Indonesia tercatat memiliki empat spesies ikan belida, yakni belida borneo (Chitala borneensis), belida sumatera (Chitala hypselonotus), belida lopis (Chitala lopis), dan belida jawa (Notopterus notopterus). Belida lopis merupakan spesies dengan ukuran paling besar dan dapat mencapai 1,5 meter.
Dari empat spesies tersebut, belida lopis telah dinyatakan punah oleh IUCN berdasarkan laporan dan penelitian ahli ikan air tawar dari National University of Singapore, Heok Hee Ng. Dalam laporannya, Heok menyatakan belida lopis tidak pernah terlihat lagi di perairan air tawar Pulau Jawa sejak spesimennya dikoleksi oleh Pieter Bleeker tahun 1851.
Sejumlah hasil penelitian menunjukkan bahwa populasi ikan belida semakin menipis karena penangkapan yang berlebihan dan penggunaan alat tangkap yang tidak ramah lingkungan. Penangkapan masih terus terjadi mengingat ikan belida memiliki nilai ekonomi tinggi dan menjadi bahan baku sejumlah makanan, seperti pempek hingga kerupuk.
Di Palembang, ikan belida bahkan kian terancam karena penangkapan dilakukan dengan menggunakan listrik atau zat kimia berbahaya. Nelayan menilai cara tersebut merupakan metode paling ampuh untuk mendapatkan ikan secara mudah dan cepat (Kompas.id, 28/1/2019).
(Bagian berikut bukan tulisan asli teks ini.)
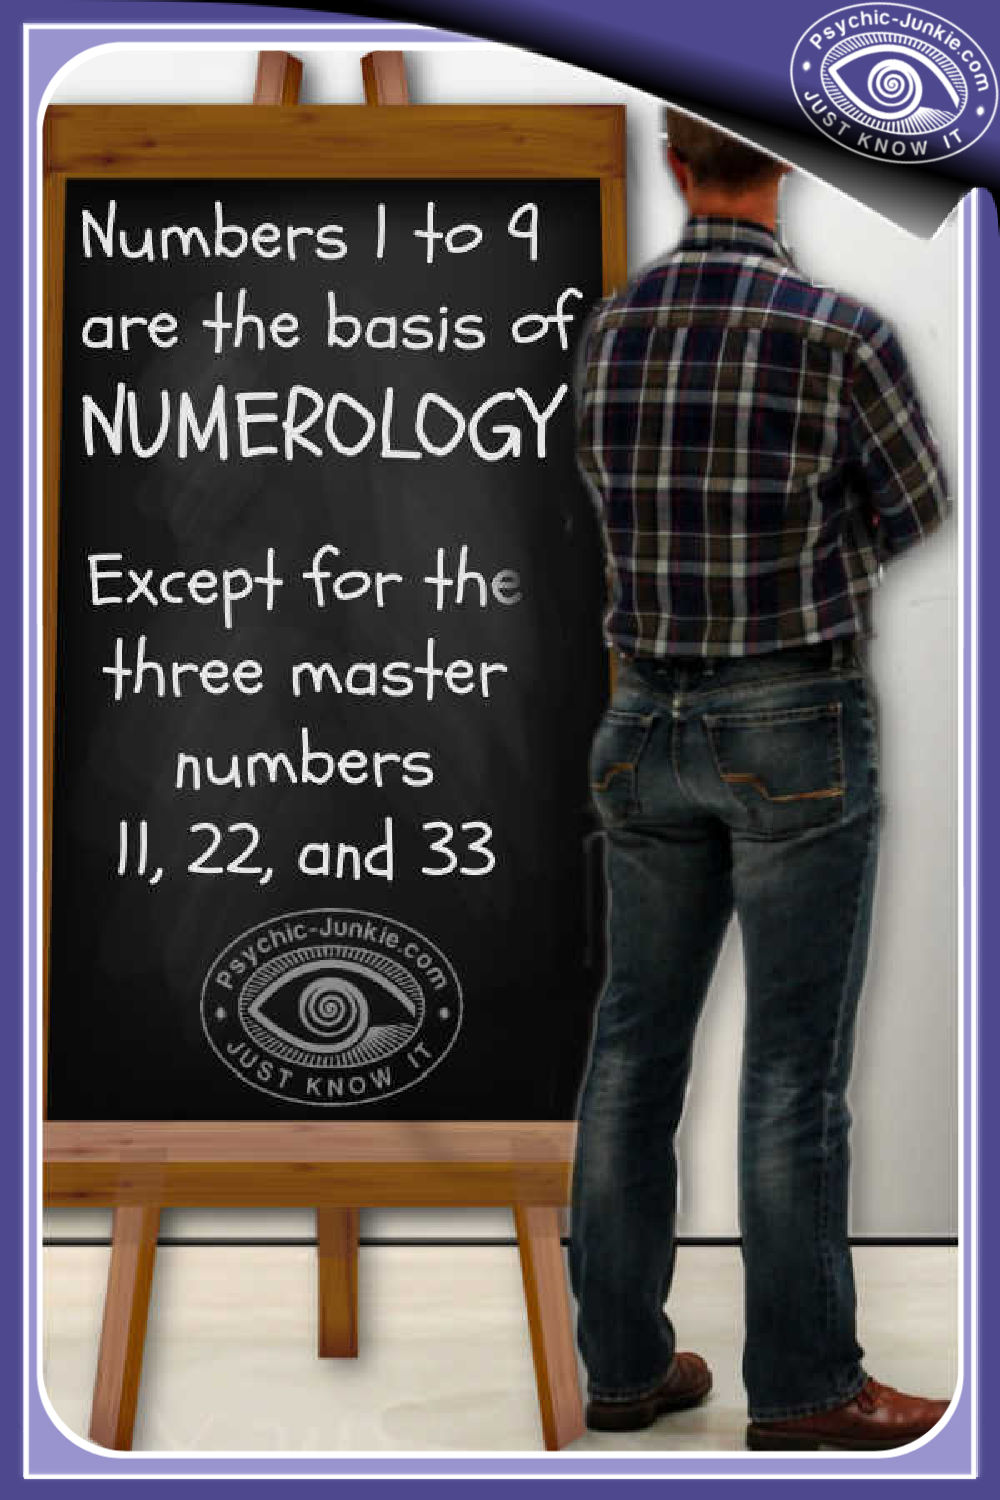 Help from the Master Numerologist John Scarano
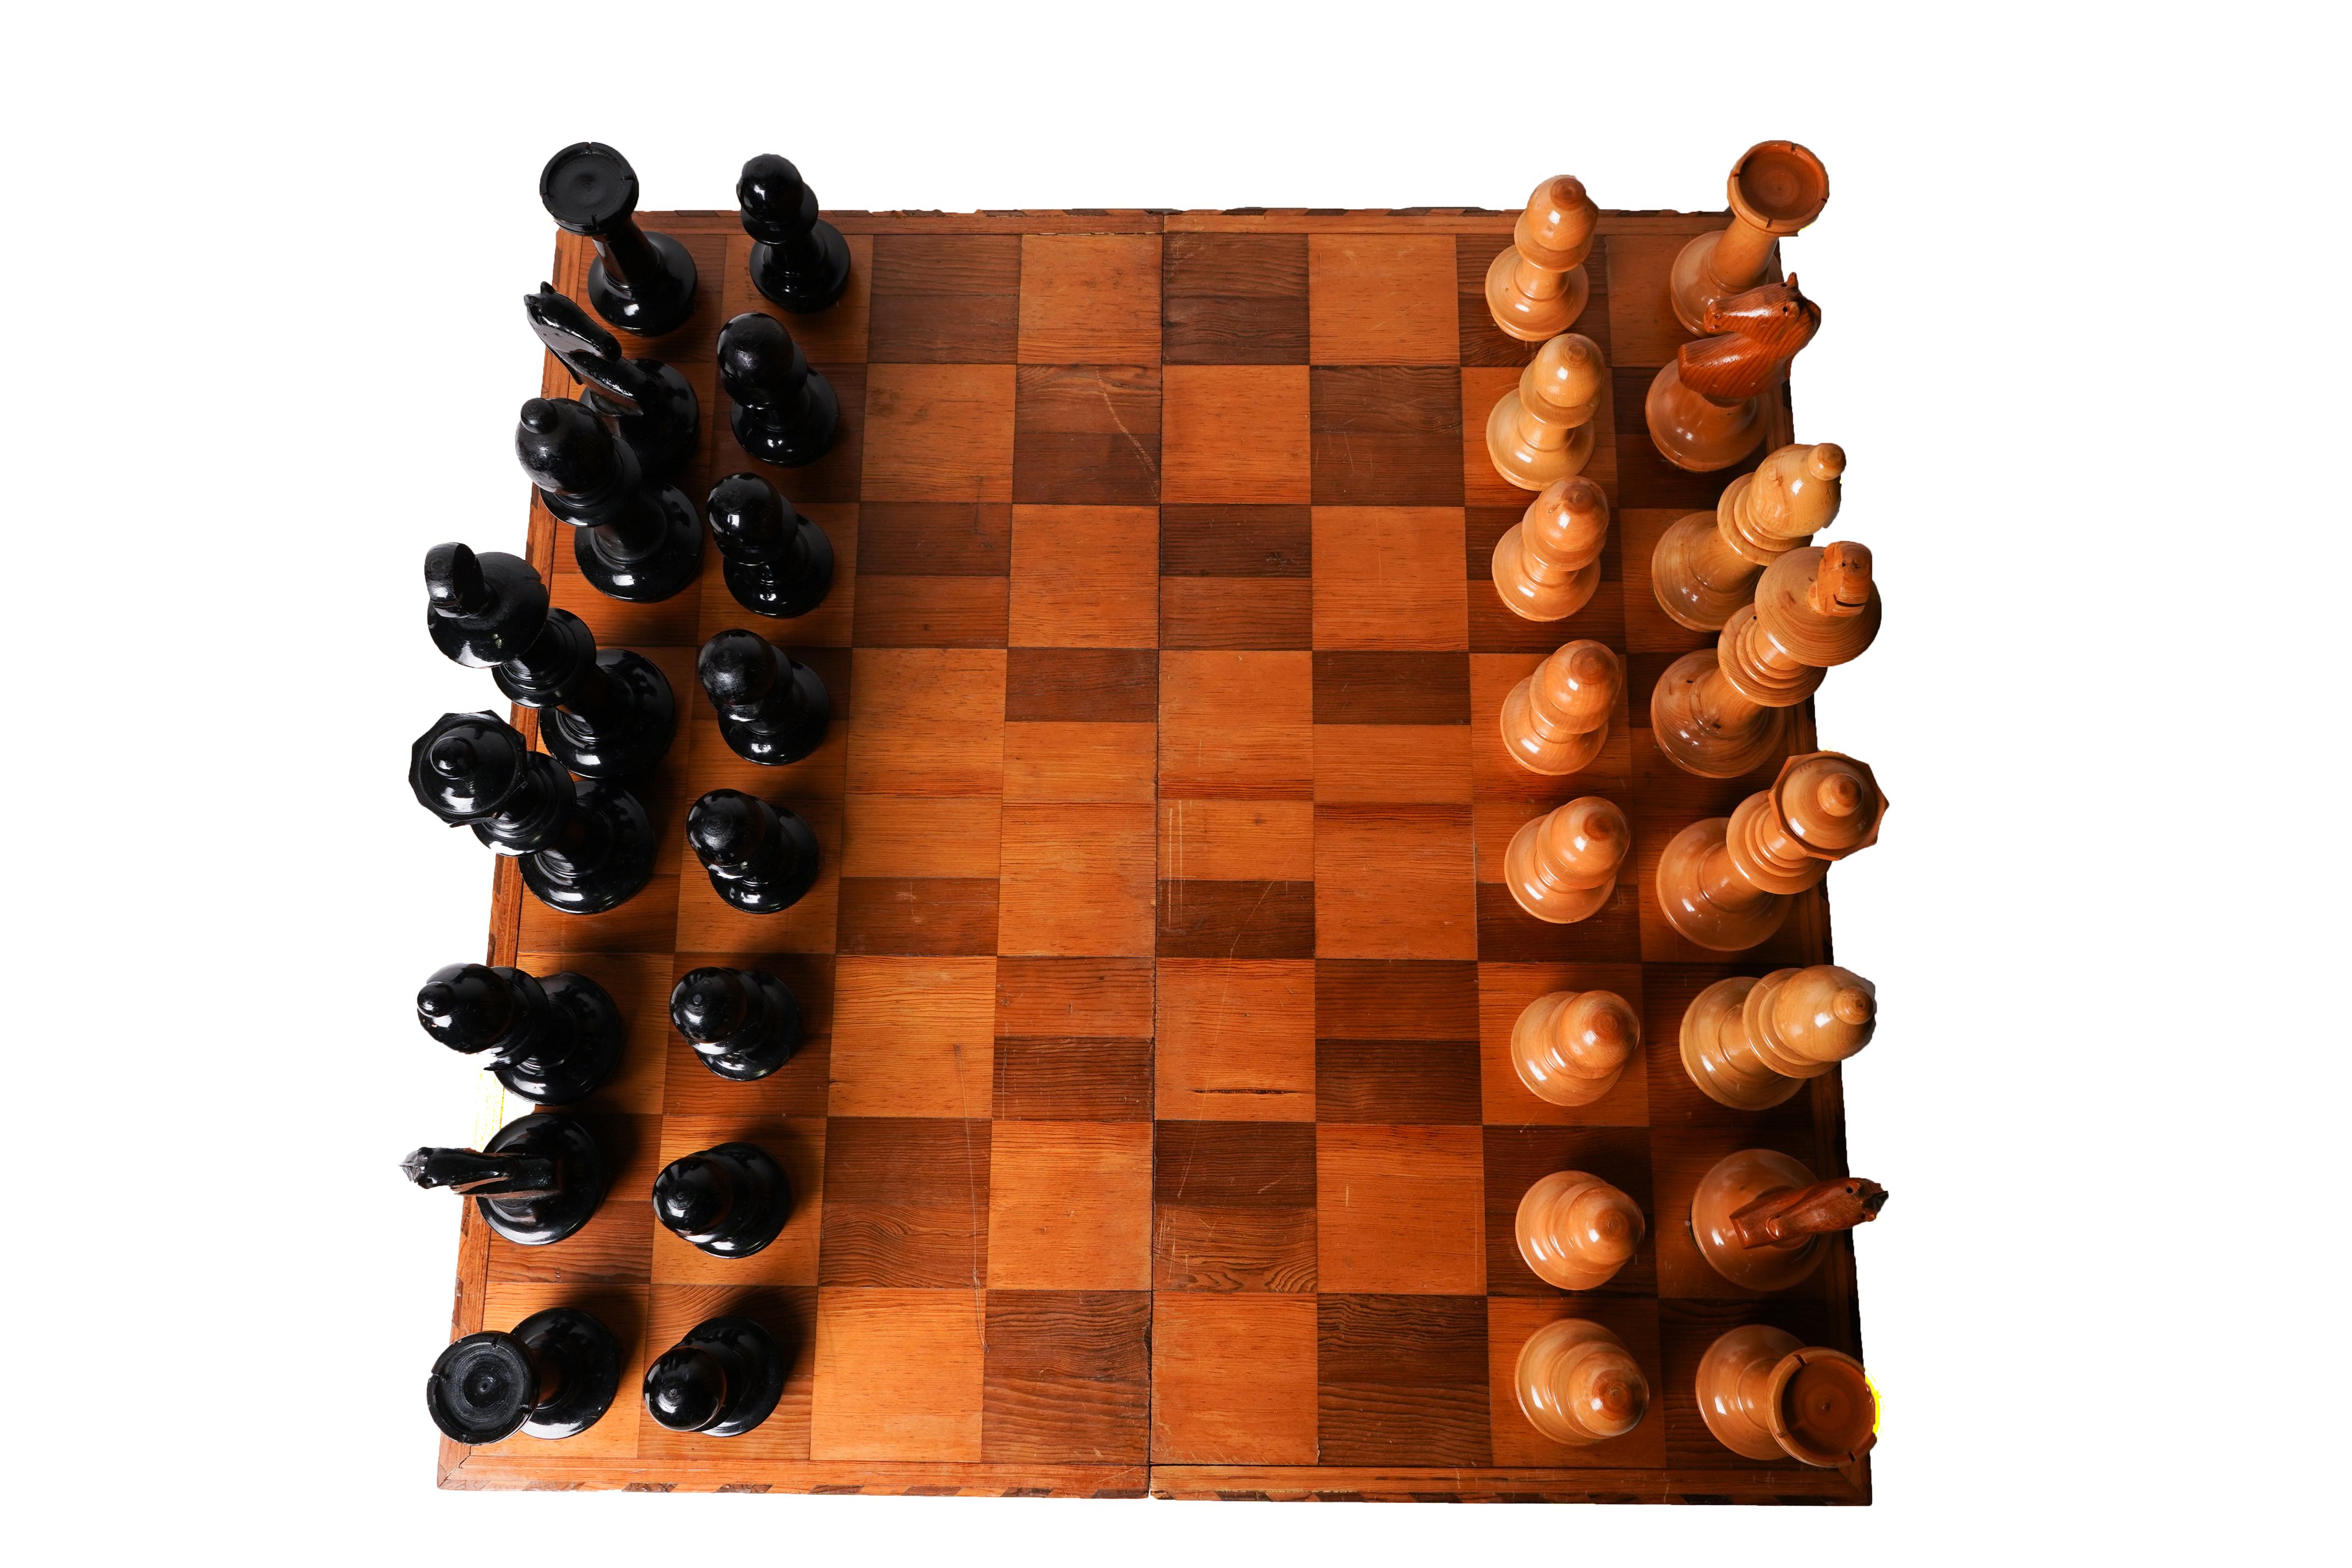 This dramatically over-scaled chess set is made from poplar wood, covered in natural lacquer. The sturdy box provides storage for the pieces as well as a gameboard.

Keragaman genetik ikan belida juga tergolong rendah dengan kisaran antara 0 sampai dengan 0,125. Fakta ini tertuang dalam kajian ”Identifikasi Struktur Stok Ikan Belida dan Implikasinya Untuk Manajemen Populasi Alami” yang dilakukan oleh peneliti Balai Riset Perikanan Perairan Umum dan Penyuluhan Perikanan, Arif Wibowo dan rekan.
Hasil kajian yang dilakukan selama tahun 2006 di perairan Riau, Sumatera Selatan, dan Kalimantan Selatan tersebut menyatakan bahwa konservasi merupakan upaya penting untuk keberlanjutan spesies ikan belida. Konservasi ikan diprioritaskan pada populasi yang terdapat di Sungai Kampar Kiri, Sungai Ogan, Kerinci, dan Pangkalan Buluh.
Konservasi yang dilakukan di setiap wilayah memiliki pendekatan yang berbeda. Upaya konservasi pada populasi Sungai Kampar Kiri, Sungai Ogan, dan Kerinci adalah dengan translokasi atau restocking. Sementara untuk Pangkalan Buluh dilakukan penetapan wilayah konservasi sehingga populasi dapat berkembang tanpa restocking.
Semakin menipisnya populasi ikan belida membuat semua spesies ikan ini mendapat status perlindungan penuh. Ketentuan ini tertuang dalam Keputusan Menteri Kelautan dan Perikanan Republik Nomor 1 Tahun 2021 tentang Jenis Ikan yang Dilindungi.
Koordinator Kelompok Perlindungan dan Pelestarian Jenis Ikan Kementerian Kelautan dan Perikanan Pingkan K Roeroe menyatakan bahwa masyarakat wajib melepaskan ikan belida yang tidak sengaja tertangkap. Sebab, pemerintah telah jelas menetapkan status perlindungan penuh bagi ikan belida.
Jika masyarakat diketahui menangkap ikan belida dengan disengaja, mereka dapat dikenai Pasal 100 juncto Pasal 7 Ayat 2 Huruf C Undang-Undang Nomor 45 Tahun 2009 tentang Perikanan dengan denda maksimal Rp 250 juta.
Sementara untuk pengepul atau penadah dan mereka yang mendistribusikannya dikenai Pasal 92 junto Pasal 26 Ayat 1 dengan denda mencapai Rp 1,5 miliar. Sanksi pidana juga diberikan apabila pelanggar terbukti melakukan usaha tanpa izin atau penyelundupan ikan.
Upaya melindungi dan meningkatkan stok ikan asli Indonesia ini di semua wilayah habitat memang sudah sepatutnya dilaksanakan. Namun, pengawasan dan pembinaan juga menjadi faktor kunci lainnya mengingat ketergantungan nelayan maupun pengusaha makanan masih sangat tinggi terhadap jenis ikan ini.